Why this song? Plenty of room to breath on a lead break.

If you have been following Ben’s “jamming” lessons and are wanting an easy song to jam over then this is a nice slow one. It’s also a great reference to how powerful just a few notes can be in a measure. So for those starting to make up their own lines an wanting to start jamming I suggest you listen to how simple a lot of the lead lines are in this song. This is a good place to start learning how to jam.

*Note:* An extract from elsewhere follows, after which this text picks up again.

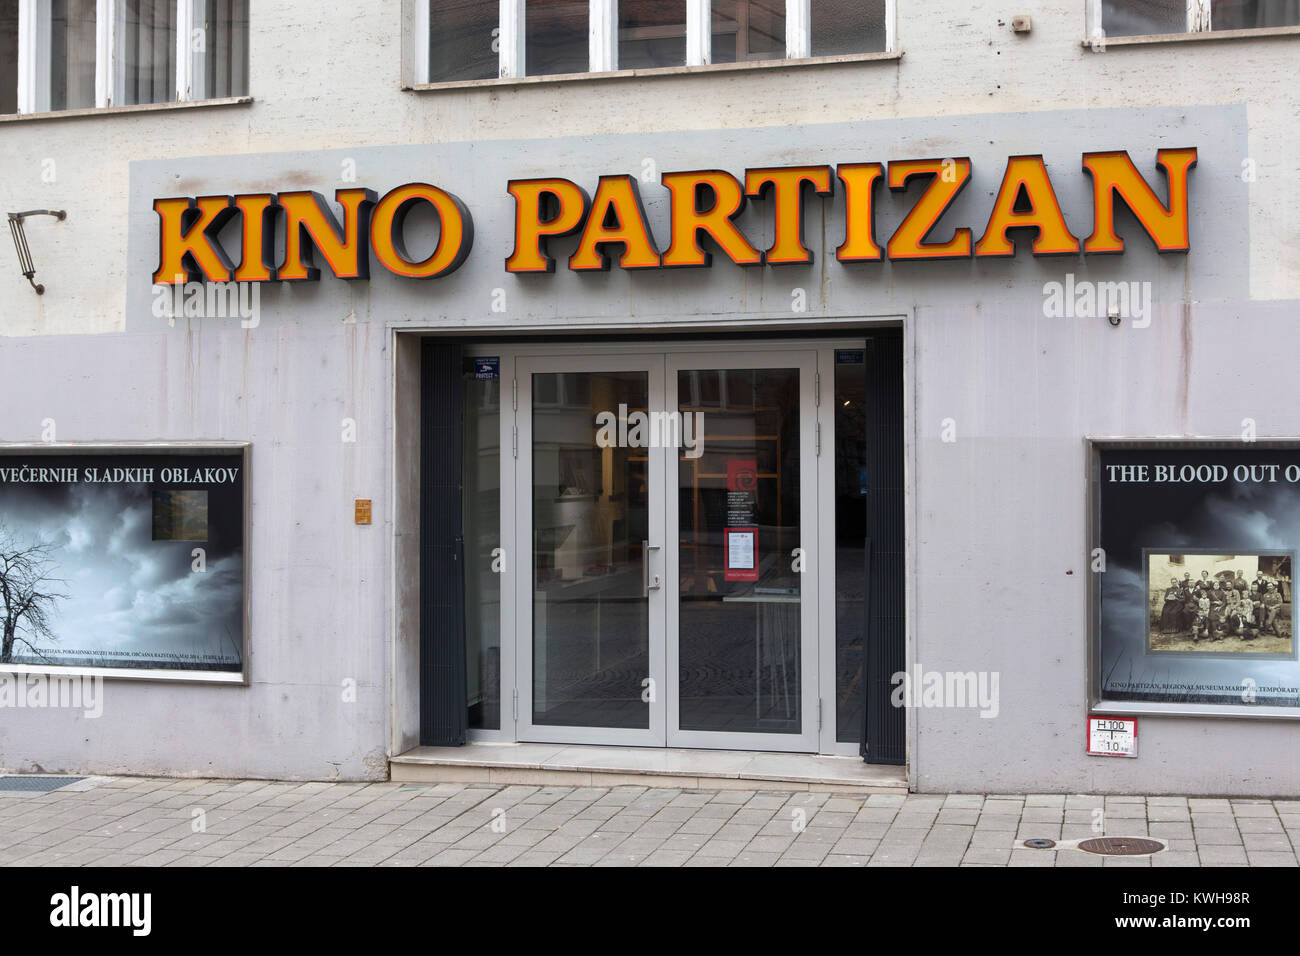 Kino Partizan in Maribor, Slovenia. The building has been a cinema. Stock Photo

Why I’ve picked a lot of Jerry Garcia songs? Jerry loved playing and following the chord (triads) changes all over the neck or the “CAGED System”. I might be working on this for ear training but it will also help solidify moving around the neck and following/playing out of chord shapes…and I need more practice on that also. I will try and play David’s mando break on the guitar too…at least as close as possible since I play guitar.

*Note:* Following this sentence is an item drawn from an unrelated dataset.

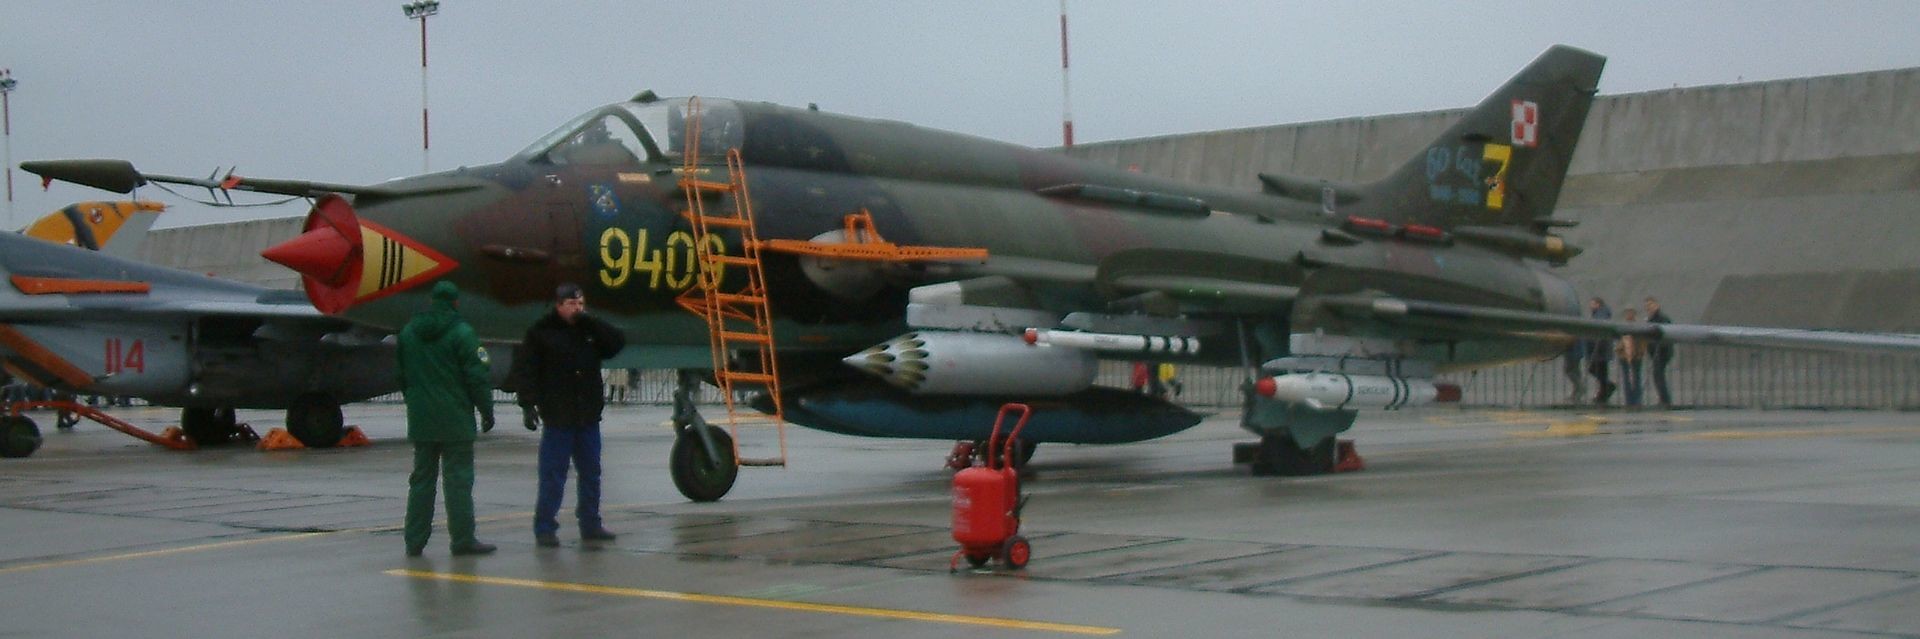 Poljski Su-22, letalska baza Krzesiny

Jerry was the master at hitting the right notes at the right time during his lead break to complement the chord changes and/or the mode. That’s why Jerry Garcia was an exceptional musician - he simply hit the right notes at the right time to complement the chord he was playing over. Sounds simple enough but you must know your scales/chord shapes up and down the neck.

How I learn these “ear training songs”…

I grab the head phones, guitar, click play and then start getting the rhythm down. I don’t start working on the lead breaks until I think I know the song well enough to play the rhythm and sing the song (even though I am not a singer) w/out messing up. Once I get that down then I start working through the lead breaks. Once I start on the lead breaks/intro then it’s a method that goes one single note at a time.

Any takers on joining me? Has a nice blues/jazz feel.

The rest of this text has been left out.